The main ethical issues related to this project include: (i) the respect for persons and for human dignity; (ii) fair distribution of benefits and burden; (iii) the rights and interests of the participants; (iv) the need to ensure participants’ informed consent; (v) processing of personal data; (vi) concerns involving the development, deployment and/or use of artificial intelligence (AI)-based systems or techniques.

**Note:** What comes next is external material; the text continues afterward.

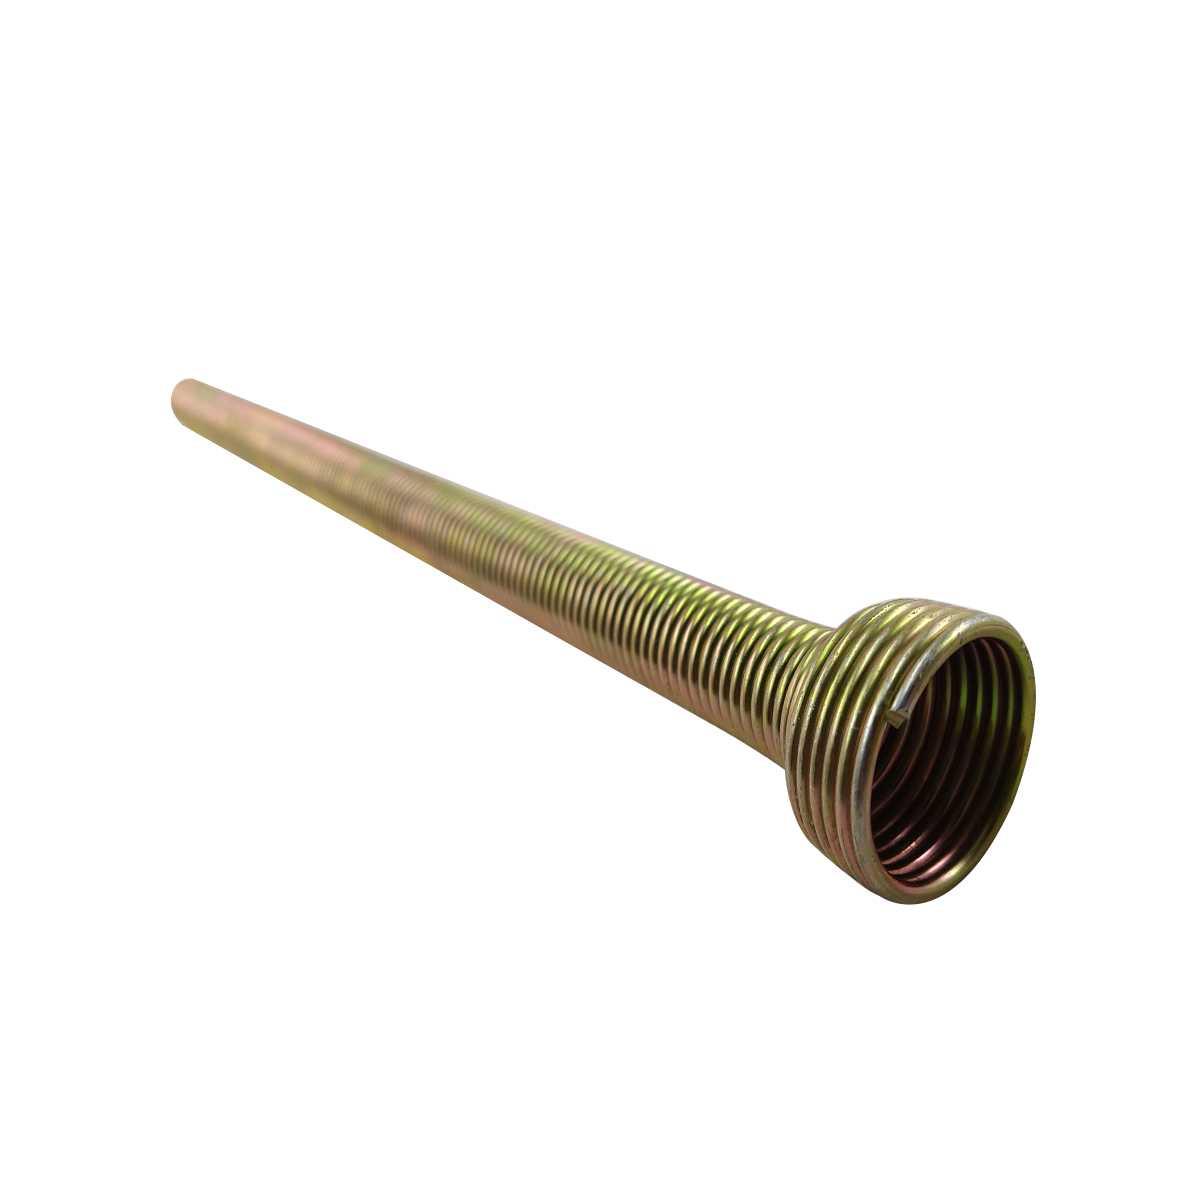 Mola curvador para tubo de cobre 3/8

Therefore, the LANTERN partners will identify and implement a comprehensive set of ethical and legal requirements in accordance with Declaration of Helsinki and GDPR principles to ensure compliance for all activities of the project. Appropriate ethical monitoring systems will also be set up during all the phases of the project.

Discussion

The current approach to lung cancer is driven by an acute and episodic model of care (so-called “reactive medicine”), which is rapidly reaching its limit and becoming economically unsustainable, especially in the context of over-stressed national health systems [14]. This project will offer an integrated multi-omics platform for the management of lung cancer patients that will optimize the financial and human resources of the healthcare system. Indeed, the development of DHA will provide a more efficient and targeted system of treatment and prevention in these patients [15, 16]. A significant reduction in healthcare costs, access to care and social inequalities are therefore expected in terms of reduction of patient visit times and costs of overtreatment; reduction of costs for toxicity treatment; faster recovery times and reduction of overall hospitalization times; access to rapid and adequate healthcare services by all patients irrespective of age, sex and social status. The development of DHA and the consequent application of predictive models in clinical practice will also improve the accuracy of diagnosis and will facilitate a complete personalization of the treatment [17, 18]. In summary, patients facing better, more effective and personalized treatment pathways will be able to see the duration of therapies reduced with positive impacts both in terms of reduction of direct costs (in terms of number of sessions, of trips in the case of services performed off-site, ancillary examinations, etc.) and indirect (i.e., a better state of health). In addition, the smart data linkage (i.e., linking behavioural, lifestyle, environmental and omics data) will also be a catalyst to change the relationship between individuals and their health thus resulting in a significant cultural and societal impact. Indeed, the collection and availability of personal wellbeing information (provided by health portable devices – “Internet of Things”) will not only enable the development of more efficient interventions in lung cancer, but also empowers patients to improve their own life experience (e.g., improved diet, exercise, or other lifestyle choices). Furthermore, the prospective technology solutions enabled by our project will also benefit the MedTech, Data Analytics and Pharmaceutical industries in creating new opportunities for existing businesses and boosting new entrants to provide value-based solutions.